We have also shown that IP affects the activity of several translational initiation factors. Additionally, IP
affects activities of the Akt, extracellular signal-regulated protein kinase phosphorylation, expression of glucose-regulated protein (GRP78) and growth arrest DNA
damage-inducible protein 34 (GADD34) proteins. However, the role eEF2 (translational elongation factor)
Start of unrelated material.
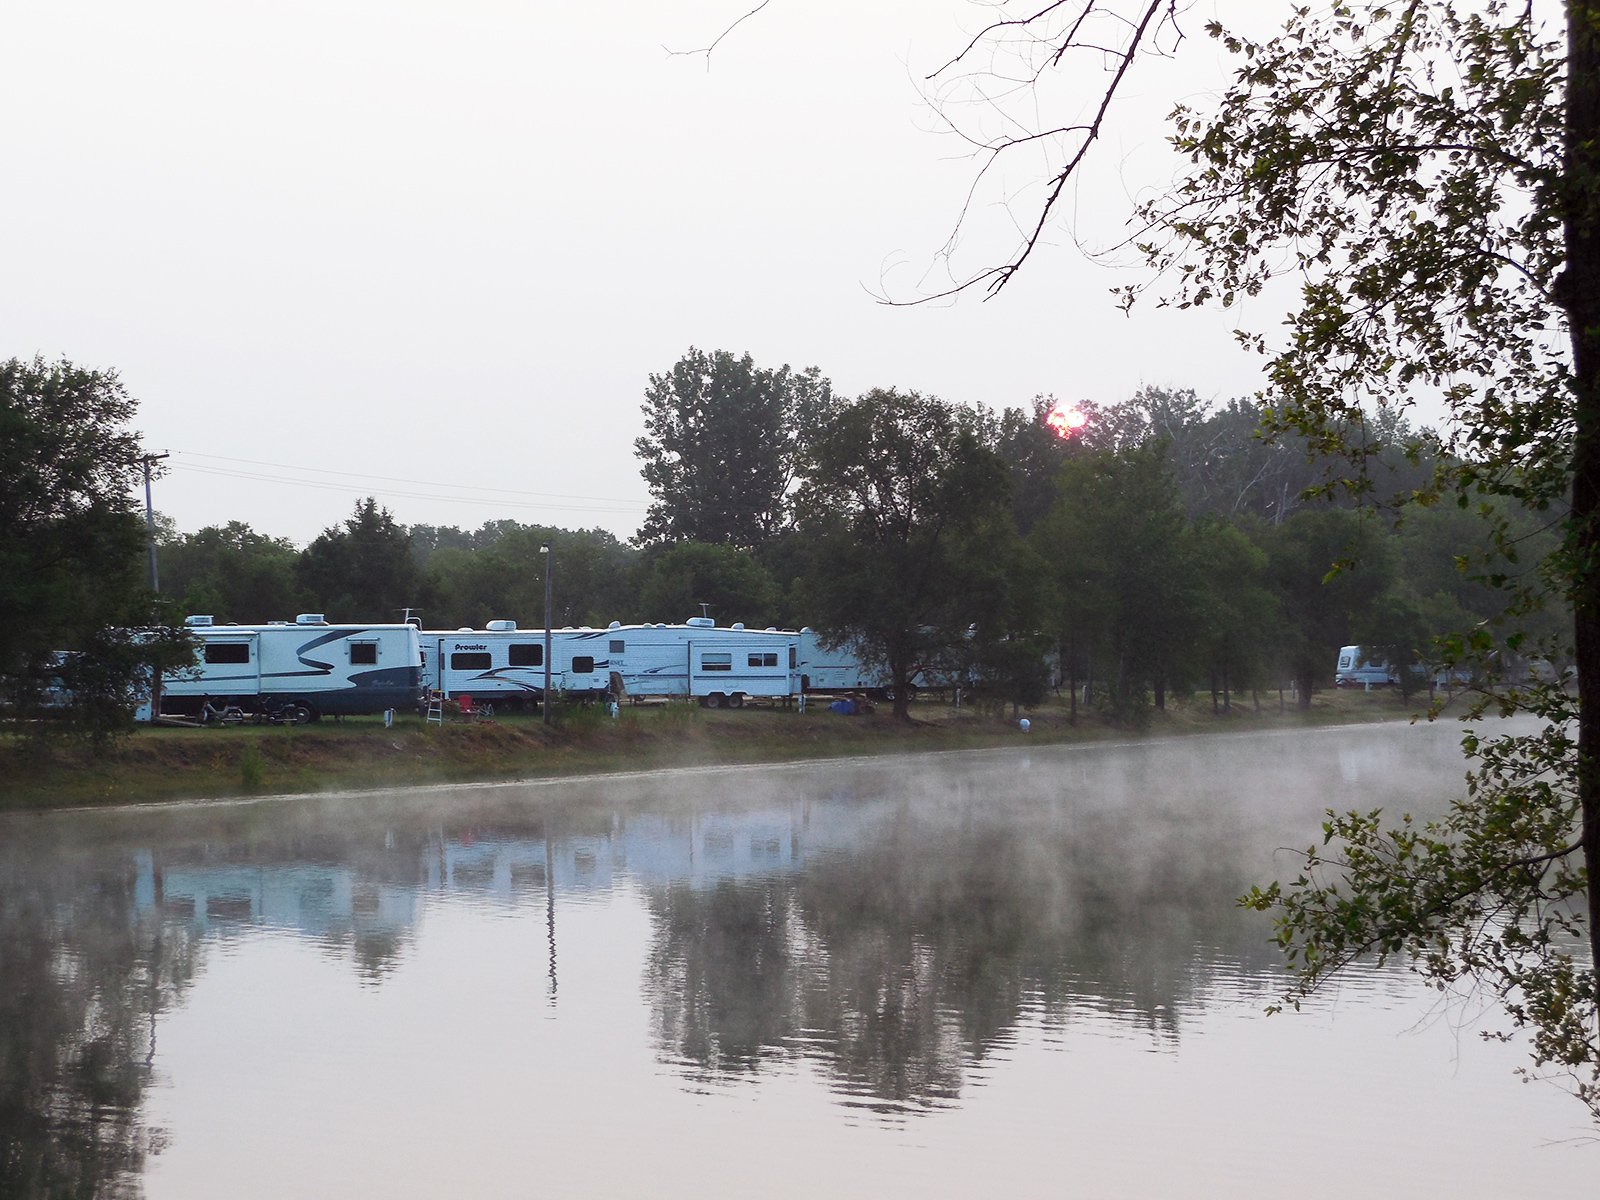 RVs parked at Leisure Lake Campground.

plays in different phosphorylation states during preconditioning-induced derepression of proteosynthesis was
not proven in the hippocampal or cortical areas (Garcı́a
et al., 2004a,b). Matrix-assisted laser desorption ionization time of flight (MALDI TOF) and mass spectrometry
(MS) were further used in animal models of IT. This was
done to analyze complexes of serine/threonine phosphatase 1 (PP1) with the substrates. These substrates are
presumably influenced by IT (Cid et al., 2007). As shown
before, inhibition of the PP1 expression is associated
with the early ischemic/reperfusion damage and PP1
inhibitors prevent protection evolved by preconditioning
(Martin de la Vega et al., 2001; Horiguchi et al., 2002).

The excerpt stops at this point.